Menurut dia, program ini tidak berhenti pada forum diskusi semata. Ngabuburit Pengawasan juga menjadi medium penyebaran informasi kepemiluan, penguatan literasi demokrasi, serta pembentukan kesadaran publik mengenai pentingnya integritas pemilu.

Akhmad Yasin menilai, penguatan kelembagaan pengawas pemilu di masa non-tahapan merupakan prasyarat penting untuk memastikan kesiapan menghadapi agenda pemilu berikutnya.

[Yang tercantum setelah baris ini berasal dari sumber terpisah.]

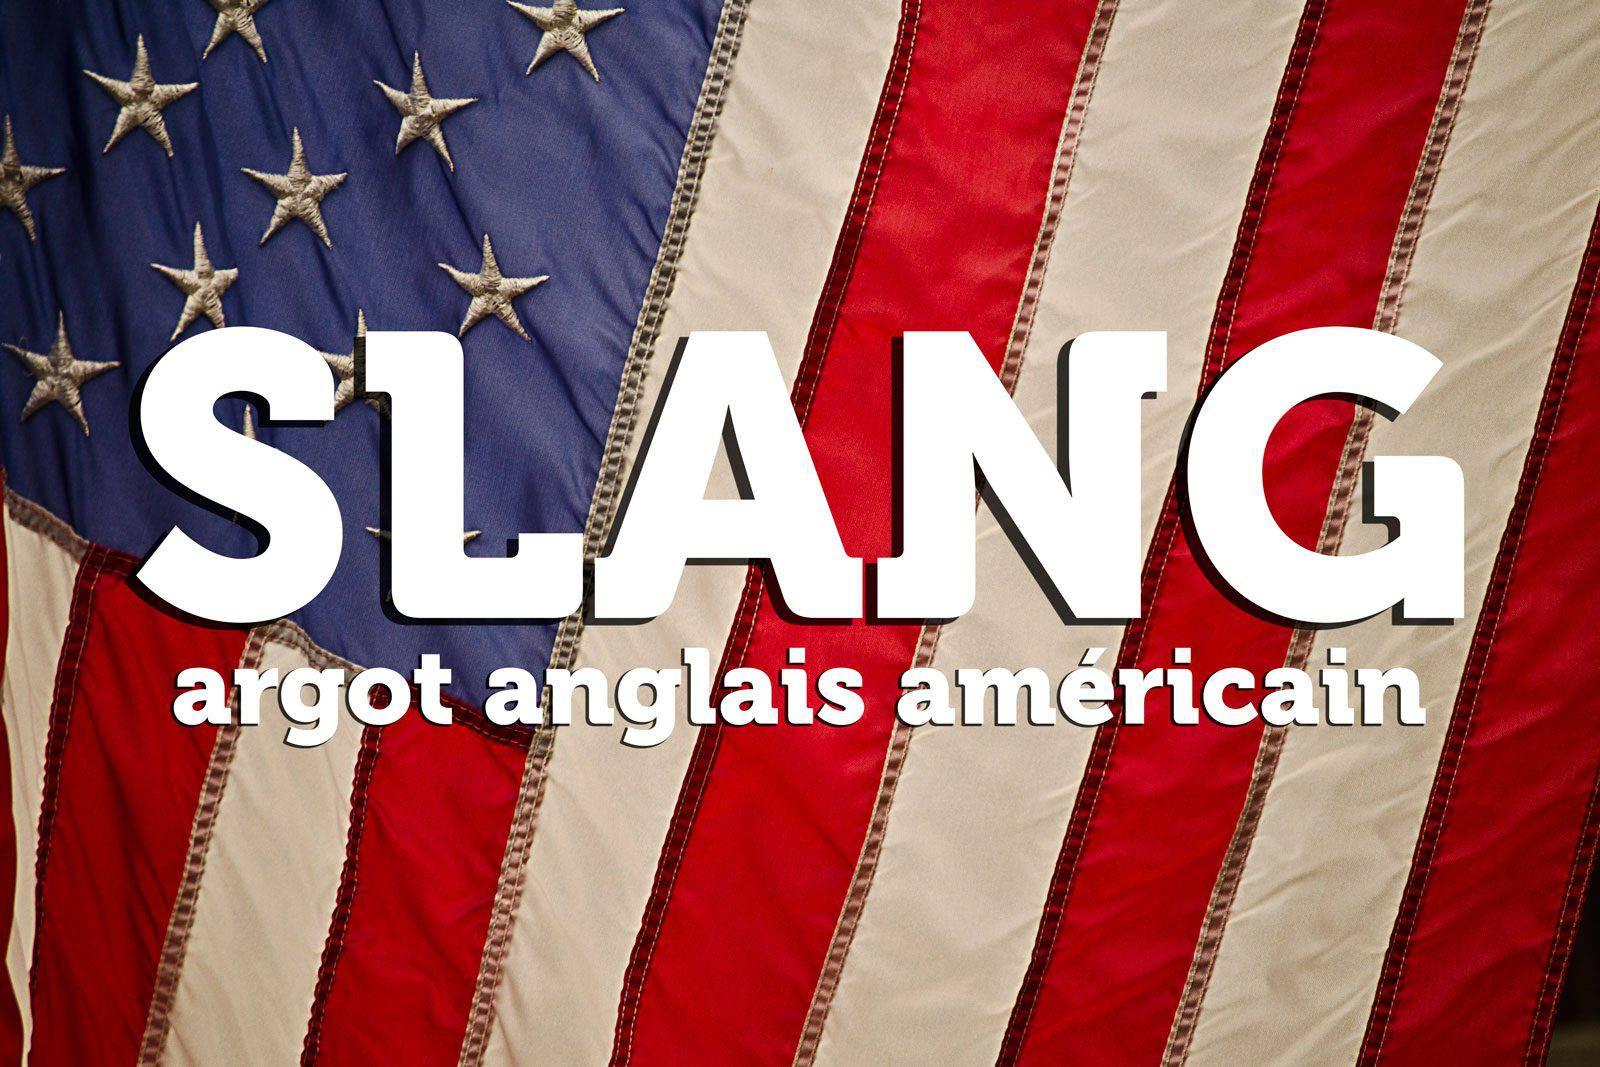 Argot anglais américain (slang)

“Bawaslu perlu terus beradaptasi dengan dinamika sosial, perkembangan teknologi informasi, serta tantangan disinformasi yang semakin kompleks,” imbuhnya.

Ia menegaskan, penguatan pengawasan pemilu harus dilakukan secara berkelanjutan, baik melalui peningkatan kapasitas sumber daya manusia, penguatan sistem pengawasan, maupun perluasan kolaborasi dengan masyarakat.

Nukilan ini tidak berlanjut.